I have never succesfully gotten stronger on any training method while doing a serious cut


----------



## LAM (Dec 12, 2004)

VicVega said:
			
		

> When cutting, should you move to a higher rep, lower weight w/o? Is there any place for higher rep/lower weight?
> 
> I ask this becuase im going to be cutting over christmas break, and other than cardio stuff ex, stair master, running, row machine what should i be doing? Of course i understand that diet is a key factor, but i dont know what i should be doing in the weight room if i should be at all. If someone could suggest a key w/o for maximum fat loss it would be greatly appreciated.

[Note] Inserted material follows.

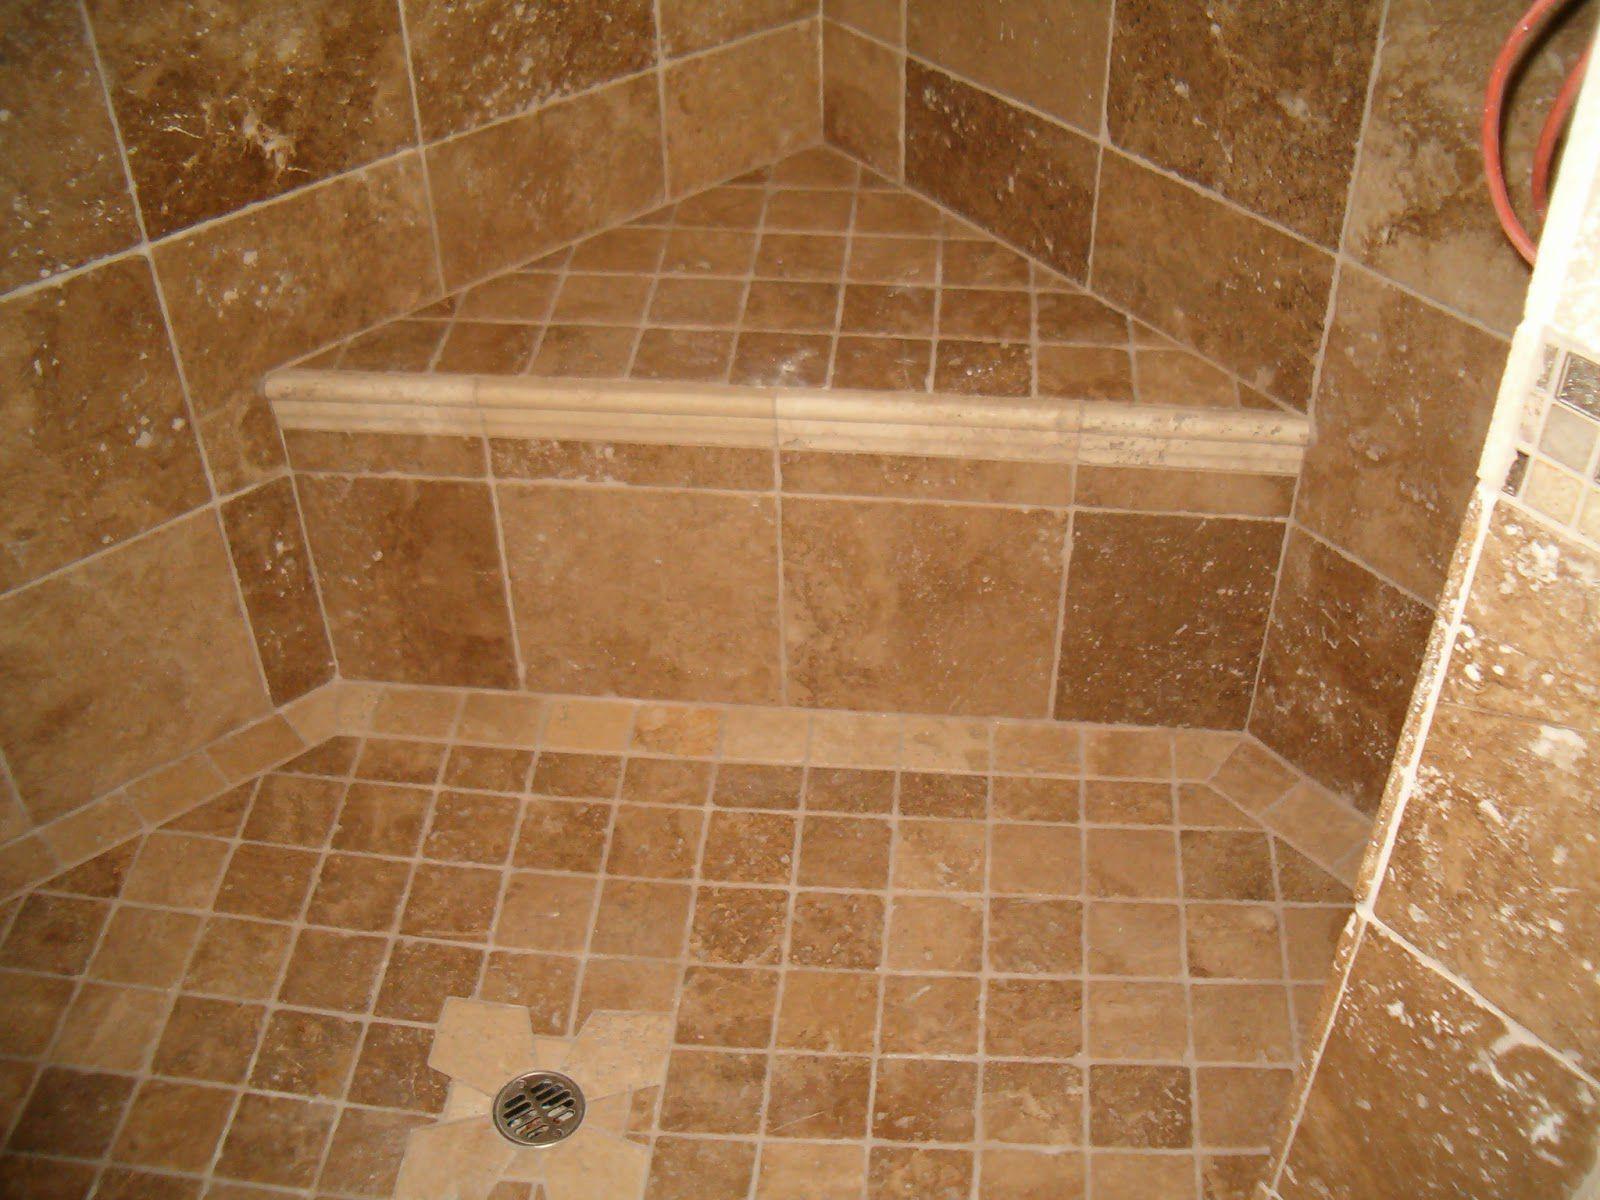 Ceramic Bathroom Tile Ideas  Httpviralom082150Ceramic Alluring Ceramic Tile Ideas For Small Bathrooms Design Inspiration

high reps are basically for endurance training...


----------



## CowPimp (Dec 12, 2004)

Duncans Donuts said:
			
		

> I have never succesfully gotten stronger on any training method while doing a serious cut



If you're losing muscle mass, then probably not.  However, if you can maintain virtually all of your muscle mass, then improved neuromuscular efficiency can still result.


----------



## Tha Don (Dec 13, 2004)

personally i cycle between low reps/heavy weight and higher reps/lighter weight whilst cutting

i definately enjoy the pumps i get whilst on the higher rep work, vascularity is awesome

i never gain strength whilst cutting, i just try to retain as much as possible keep lifting heavy on the heavy days, if you went light every session without doubt you'd lose strength and probably a fair bit of LBM

peace


----------



## joey2005 (Dec 13, 2004)

Ive lost 3 inches on my waist and have tremendoua muscle gains in chest/shoulders/bicep/tricep...maybe its just that im losing fat and they ar more visible.


----------



## Mudge (Dec 13, 2004)

All high reps do, coupled with shorter rest periods between sets, is serve to keep the heart rate elevated just like circuit training.


----------